Aviles P, Falcoz C, San Roman R, Gargallo-Viola D
Glaxo Wellcome S.A., Parque Tecnológico de Madrid, Spain.
Antimicrob Agents Chemother. 2000 Sep;44(9):2333-40. doi: 10.1128/AAC.44.9.2333-2340.2000.
Sordarins are a new class of antifungal agents which selectively inhibit fungal protein synthesis (FPS) by impairing the function of elongation factor 2. The present study investigates possible correlations between sordarin pharmacokinetic (PK) properties and therapeutic efficacy, based on a murine model of invasive systemic candidiasis, and provides a rationale for dose selection in the first study of efficacy in humans. A significant correlation between PK parameters and the in vivo activity of GM 237354, taken as a representative FPS inhibitor, was demonstrated in a murine model of lethal systemic candidiasis. Area under the concentration-time curve (AUC) and maximum concentration of drug in serum (C(max)) over 24 h were determined after a single GM 237354 subcutaneous (s.c.) dose (50 mg/kg of body weight) in healthy animals (no significant PK changes with infection were observed for other sordarin derivatives). These results have been used to simulate PK profiles obtained after several doses and/or schedules in animal therapy. A PK-pharmacodynamic (PD) parameter such as the time that serum drug concentrations remain above the MIC (t > MIC) was also determined. Treatment efficacies were evaluated in terms of the area under the survival time curve (AUSTC), using Kaplan-Meier survival analysis and in terms of kidney fungal burden (log CFU/gram) after s.c. doses of 2.5, 5, 10, 20, and 40 mg/kg every 4, 8, or 12 h (corresponding to total daily doses of 5 to 240 mg/kg). The results show all treatments to significantly prolong survival versus that of infected and nontreated controls (P < 0.05). Relationships between simulated PK and PK-PD parameters and efficacy were explored.

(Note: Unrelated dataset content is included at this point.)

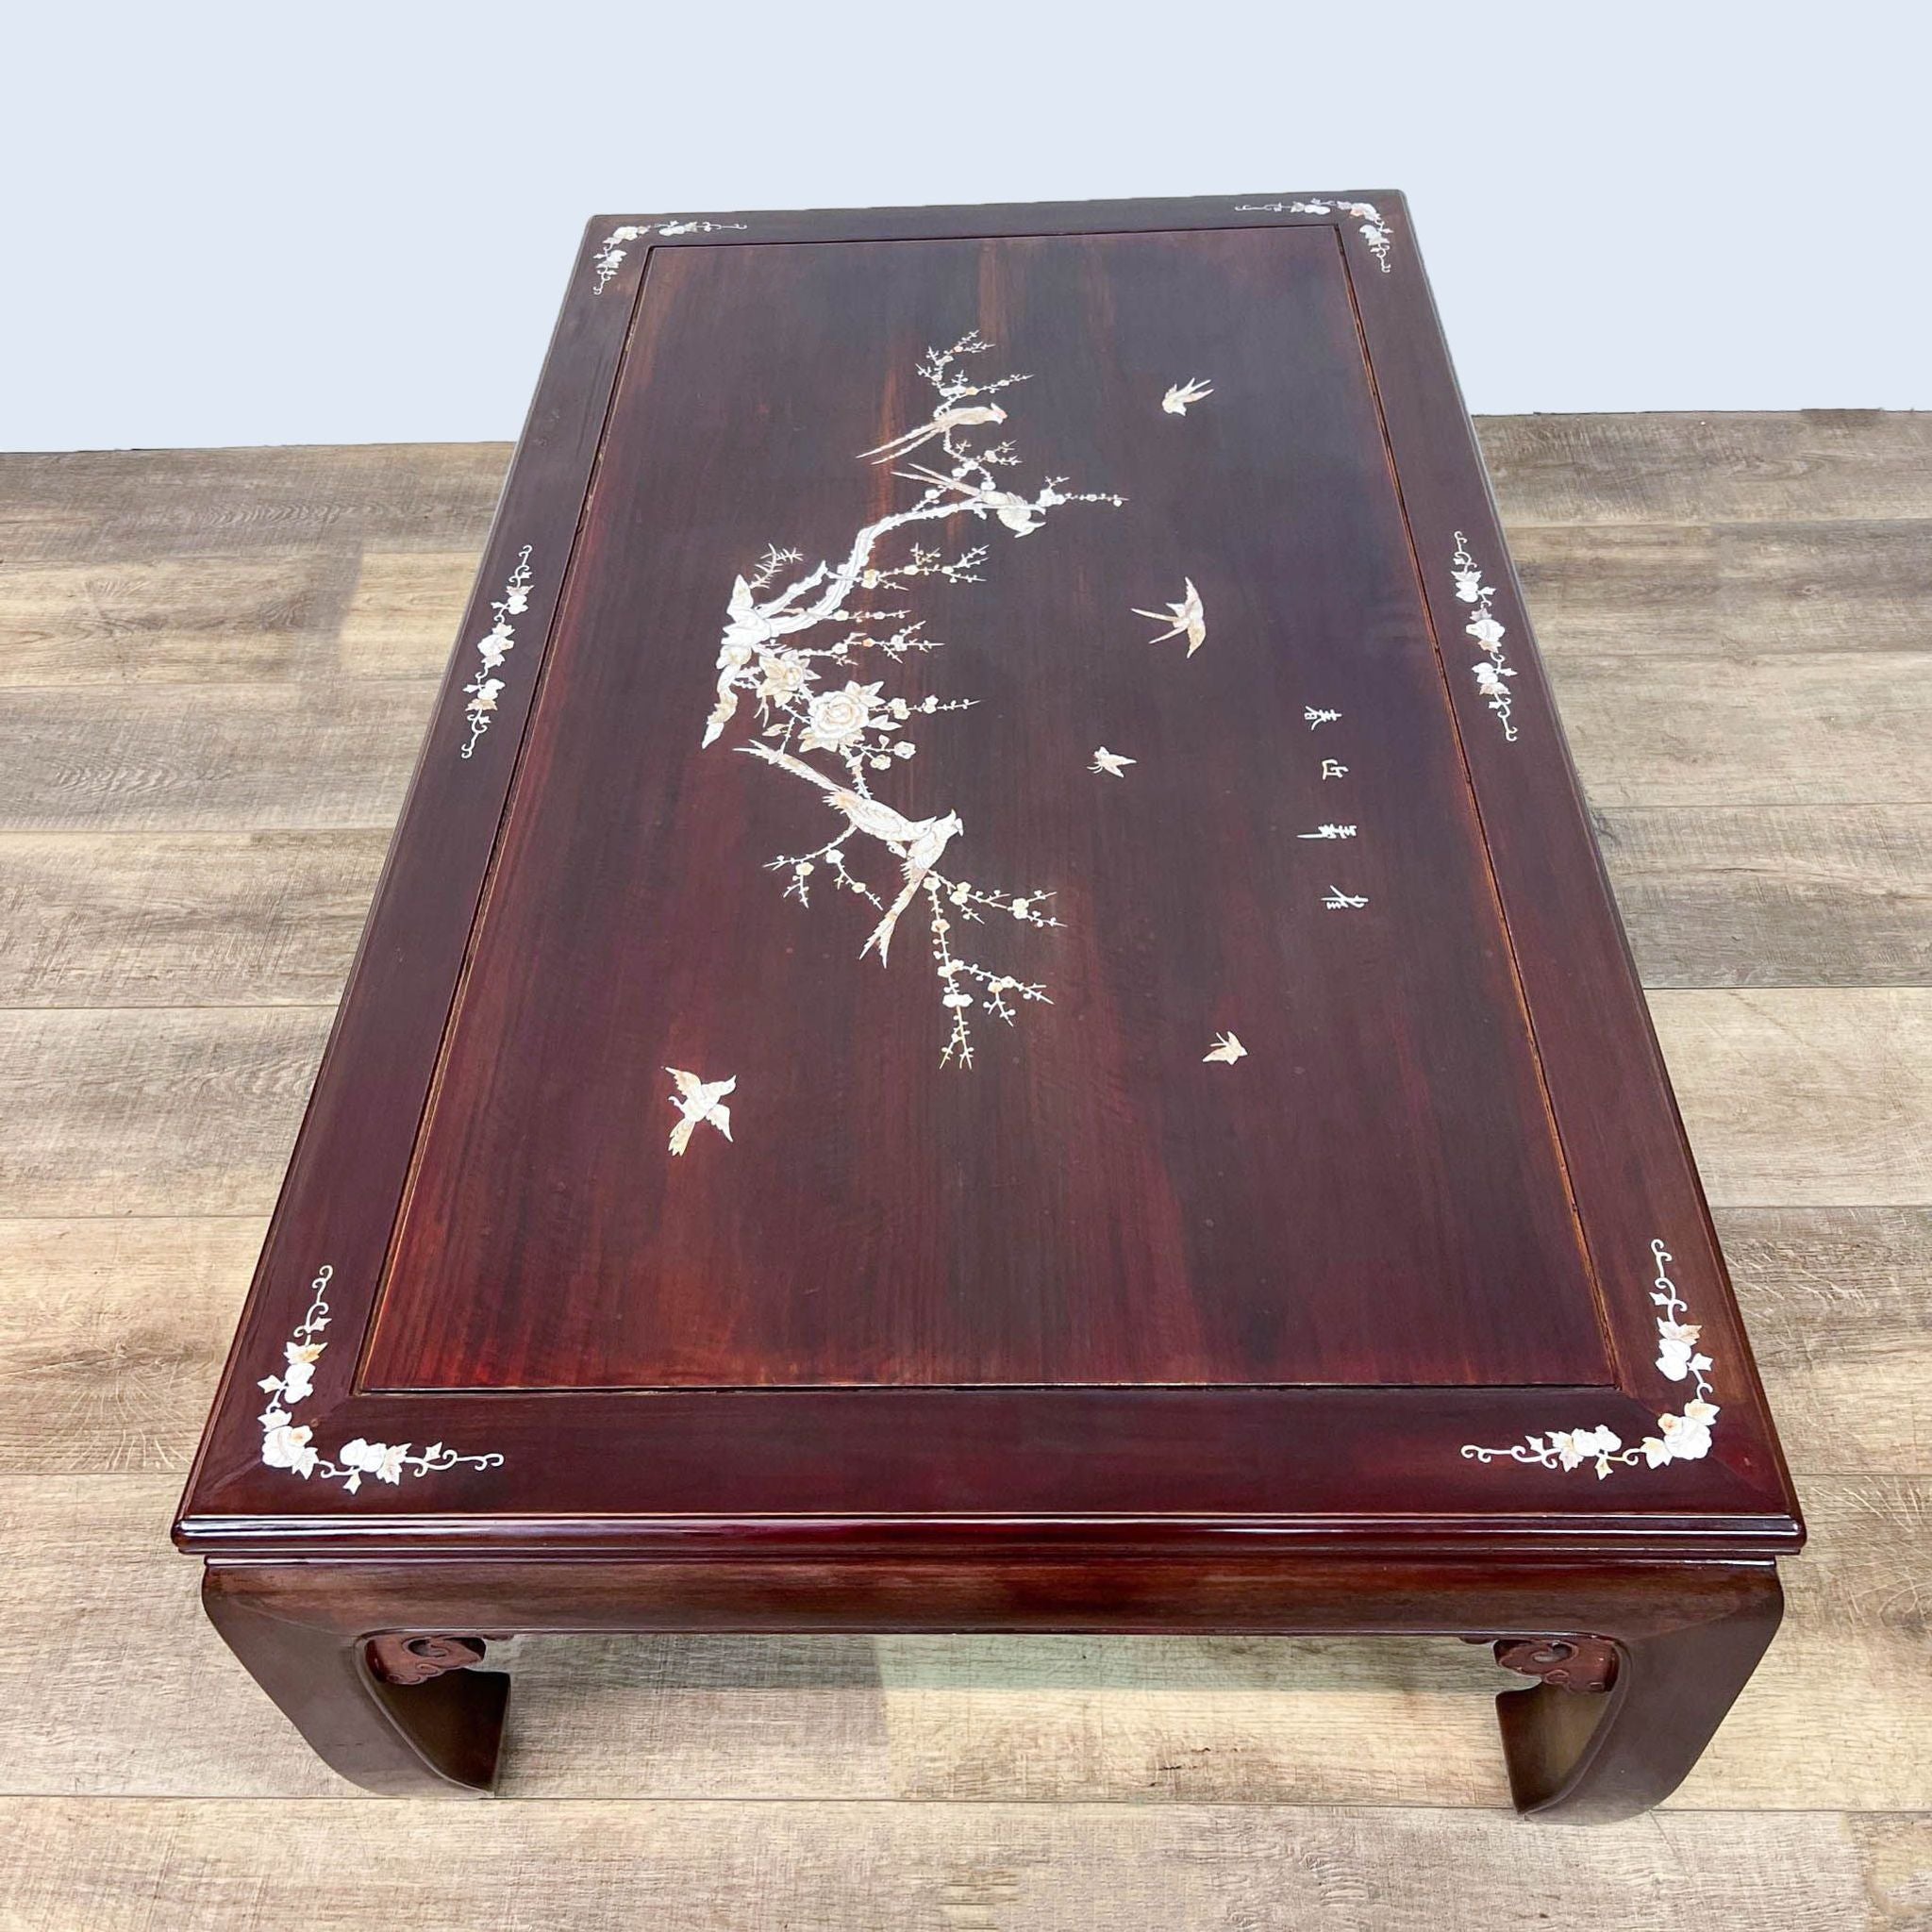 Reperch-brand coffee table with Mother of Pearl inlay depicting a cherry blossom motif on a dark wood background.

A good correlation independent of the dosing interval was observed with AUC (but not C(max) or t > MIC) and both AUSTC and kidney burden. Following repeated dosing every 8 h, AUC(50) (AUC at which 50% of the maximum therapeutic efficacy is obtained) was estimated as 21.7 and 37.1 microg. h/ml (total concentrations) for AUSTC and kidney burden using a sigmoid E(max) and an inhibitory sigmoid E(max) PK-PD model, respectively. For an efficacy target of 90% survival, AUC was predicted as 67 microg. h/ml. We conclude that the PK-PD approach is useful for evaluating relationships between PK parameters and efficacy in antifungal research. Moreover, the results obtained with this approach could be successfully applied to clinical studies.

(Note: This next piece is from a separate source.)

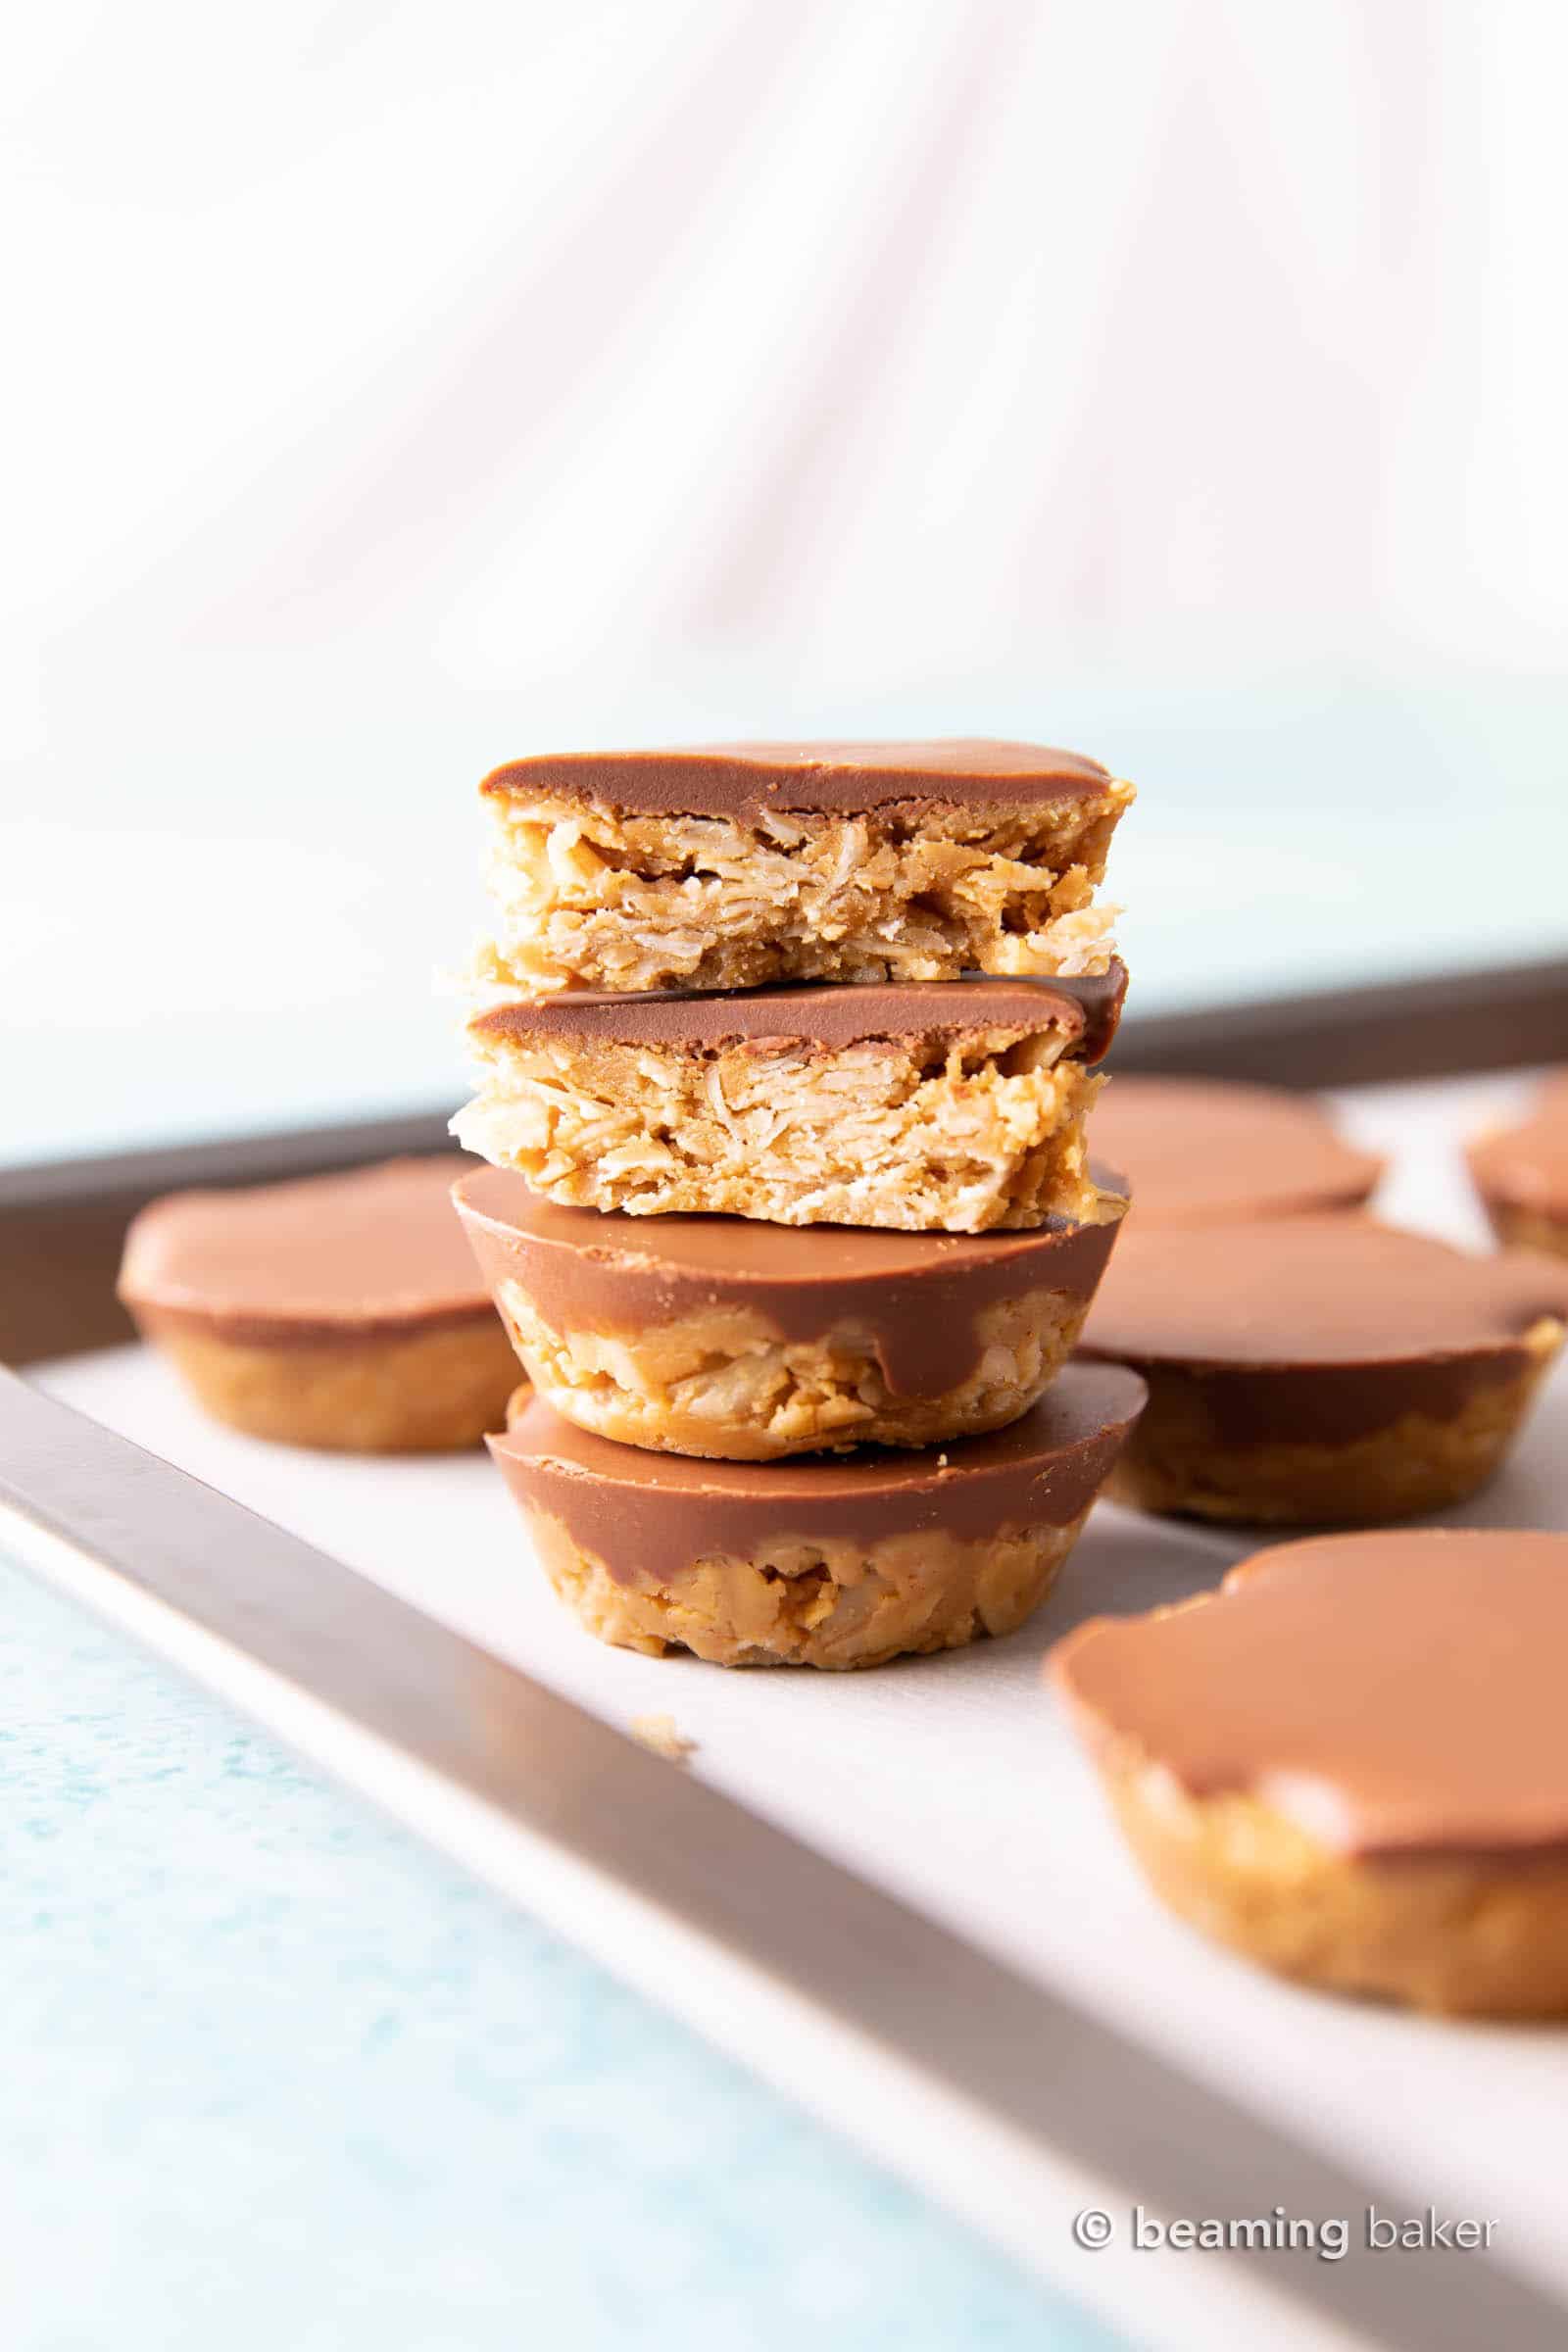 No Bake Chocolate Peanut Butter Oatmeal Cups (GF): an easy, 4 ingredient recipe for chocolate PB oatmeal cups! A delicious on-the-go snack that’s packed with healthy ingredients & protein-rich YUM. #PeanutButter #NoBake #Chocolate #Oatmeal | Recipe at BeamingBaker.com

梭链孢菌素是一类新型抗真菌药物,通过损害延伸因子2的功能来选择性抑制真菌蛋白质合成(FPS)。本研究基于侵袭性系统性念珠菌病小鼠模型,探讨梭链孢菌素药代动力学(PK)特性与治疗效果之间可能的相关性,并为人类首次疗效研究中的剂量选择提供依据。在致死性系统性念珠菌病小鼠模型中,已证明作为代表性FPS抑制剂的GM 237354的PK参数与体内活性之间存在显著相关性。在健康动物中单次皮下(s.c.)注射GM 237354(50 mg/kg体重)后,测定24小时内的血药浓度-时间曲线下面积(AUC)和血清中药物的最大浓度(C(max))(未观察到其他梭链孢菌素衍生物因感染而出现显著的PK变化)。这些结果已用于模拟动物治疗中多次给药和/或给药方案后的PK曲线。还确定了一个PK-药效学(PD)参数,如血清药物浓度保持高于MIC的时间(t > MIC)。使用Kaplan-Meier生存分析,根据生存时间曲线下面积(AUSTC)评估治疗效果,并根据每4、8或12小时皮下注射2.5、5、10、20和40 mg/kg剂量(相当于每日总剂量5至240 mg/kg)后的肾脏真菌负荷(log CFU/克)进行评估。结果显示,与感染且未治疗的对照组相比,所有治疗均显著延长了生存期(P < 0.05)。探讨了模拟PK和PK-PD参数与疗效之间的关系。观察到AUC(而非C(max)或t > MIC)与AUSTC和肾脏负荷之间存在良好的相关性,且与给药间隔无关。每8小时重复给药后,使用S型E(max)和抑制性S型E(max) PK-PD模型分别估计AUSTC和肾脏负荷的AUC(50)(获得最大治疗效果的50%时的AUC)为21.7和37.1 μg·h/ml(总浓度)。对于90%生存率的疗效目标,预测AUC为67 μg·h/ml。我们得出结论,PK-PD方法有助于评估抗真菌研究中PK参数与疗效之间的关系。此外,用该方法获得的结果可成功应用于临床研究。